Modeling with Categorical Predictors

  • How does R handle reference groups when modeling?

    • If we include a factor variable in the model, R automatically creates the indicator variables and selects the reference group (default is the “first” level).

    • If we include indicator variables in the model, we must ensure that we include only c-1 of them.

      • The cth one is the reference group.

      • If we include all c, R will not return an estimate for one of the categorical terms.

        • If you are using SAS, it will also skip an estimate for one of the categorical terms, but it will give you a warning about it. The warning shown depends on the PROC in use.

Modeling with Categorical Predictors

  • Why will all programs skip an estimate? Let’s consider the nephew variable in our dataset,
Nephew x_{\text{H}} x_{\text{D}} x_{\text{L}}
Huey 1 0 0
Dewey 0 1 0
Louie 0 0 1
  • We only need two indicators to represent the three categories.

    • Suppose Louie is the reference group.
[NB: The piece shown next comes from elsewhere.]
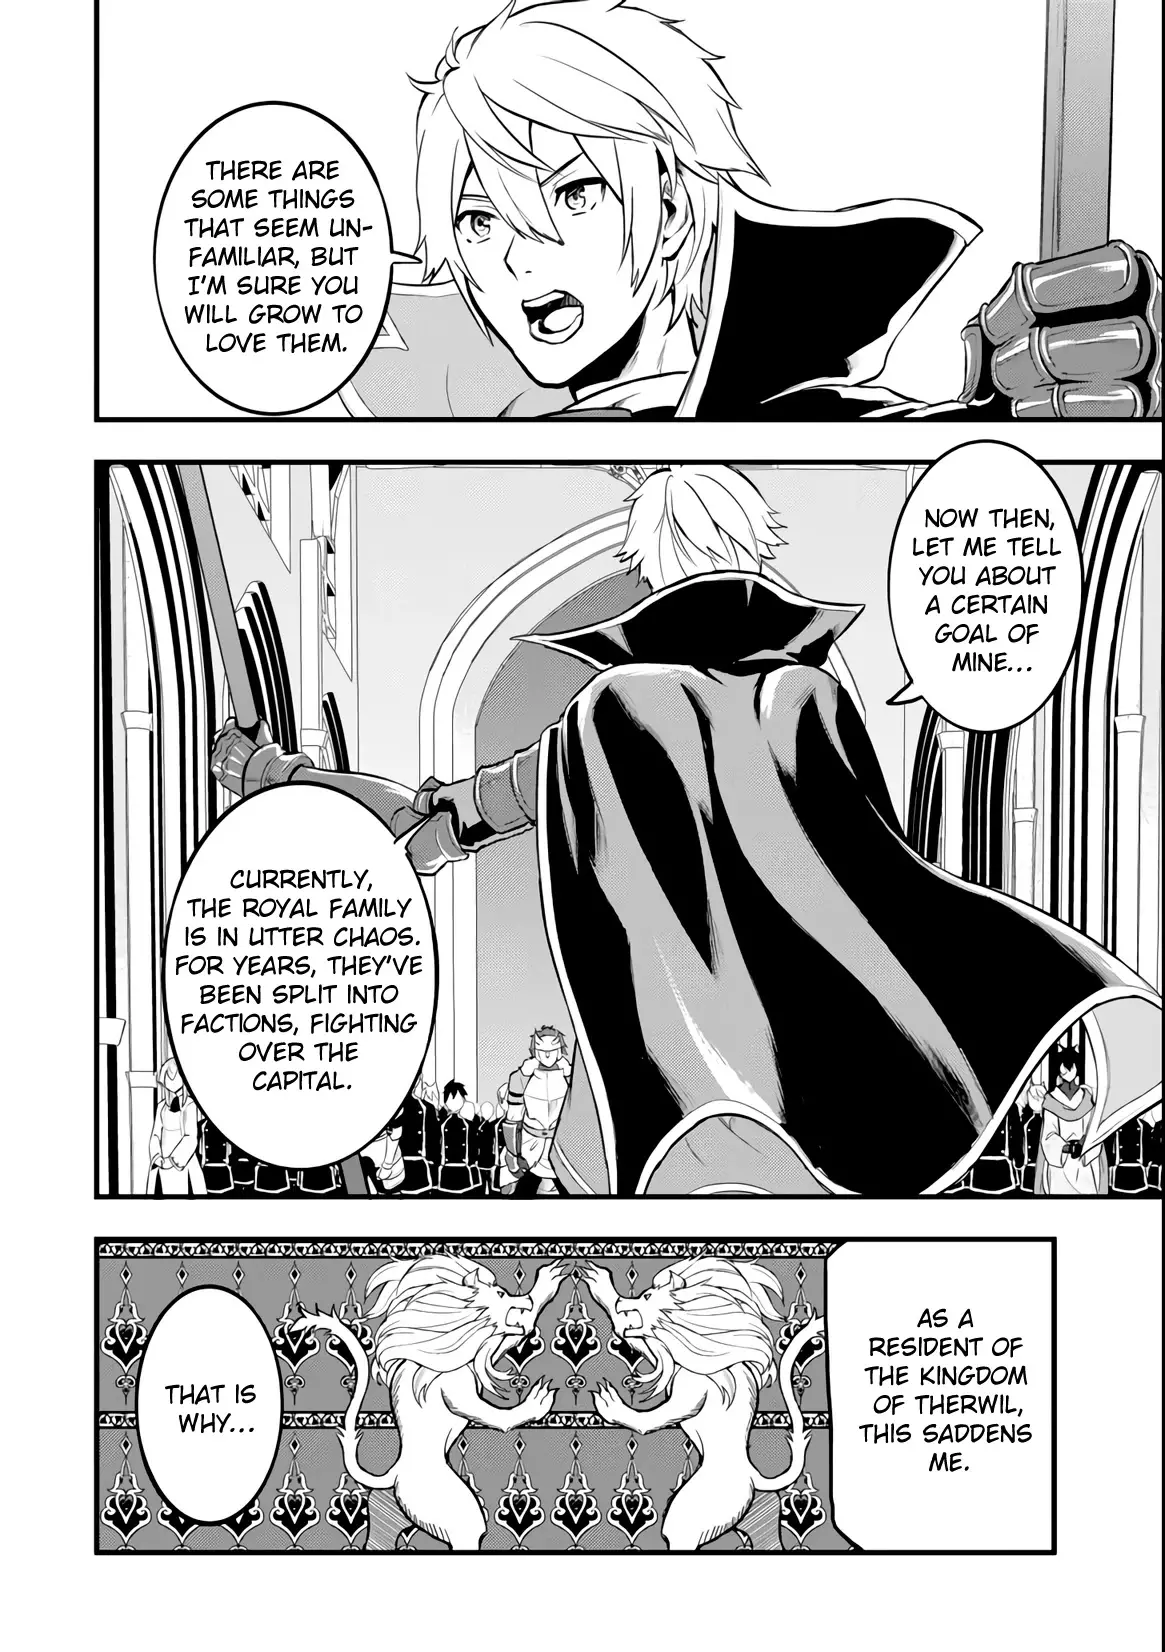 Mysterious Job Called Oda Nobunaga - 12 page 8-80b51c43

That means we include x_{\text{H}} and x_{\text{D}} in the model.

    • When x_{\text{H}} = 1 and x_{\text{D}} = 0, we know nephew = \text{Huey}.

    • When x_{\text{H}} = 0 and x_{\text{D}} = 1, we know nephew = \text{Dewey}.

    • When x_{\text{H}} = 0 and x_{\text{D}} = 0, we know nephew = \text{Louie}.

Modeling with Categorical Predictors

  • Now, let’s consider this from the mathematical standpoint.

  • If we included all three indicators, we would have the following in our model:

y = \beta_0 + \beta_1 x_{\text{H}} + \beta_2 x_{\text{D}} + \beta_3 x_{\text{L}} + \varepsilon

  • However, we know that x_{\text{L}} = 1 - x_{\text{H}} - x_{\text{D}}. i.e., x_{\text{L}} is a linear combination of x_{\text{H}} and x_{\text{D}}.

y = \beta_0 + \beta_1 x_{\text{H}} + \beta_2 x_{\text{D}} + \beta_3 (1 - x_{\text{H}} - x_{\text{D}}) + \varepsilon

  • The algebraically simplified model is not identifiable because we cannot uniquely estimate all of the \beta terms.

y = (\beta_0 + \beta_3) + (\beta_1 - \beta_3) x_{\text{H}} + (\beta_2 - \beta_3) x_{\text{D}} + \varepsilon

Modeling with Categorical Predictors

  • How do we change reference groups for modeling/testing purposes?

    • If using a factor variable, we can relevel the factor using the factor() function with the levels argument.

    • If using indicator variables, we simply update the set of c-1 indicators in the model.

  • Prepare yourself to see a lot of “if you are using a factor variable… but if you are using indicator variables…” throughout the course.

    • This is because of the different ways that categorical variables can be stored in datasets.

Modeling with Categorical Predictors

  • What is my approach (in practice) to choosing a reference group?

    • If there is some natural order, I select the lowest as the reference.

    • If there is not an order, I will select one that “makes sense” as the comparison group when thinking of the context surrounding the question being asked of the data.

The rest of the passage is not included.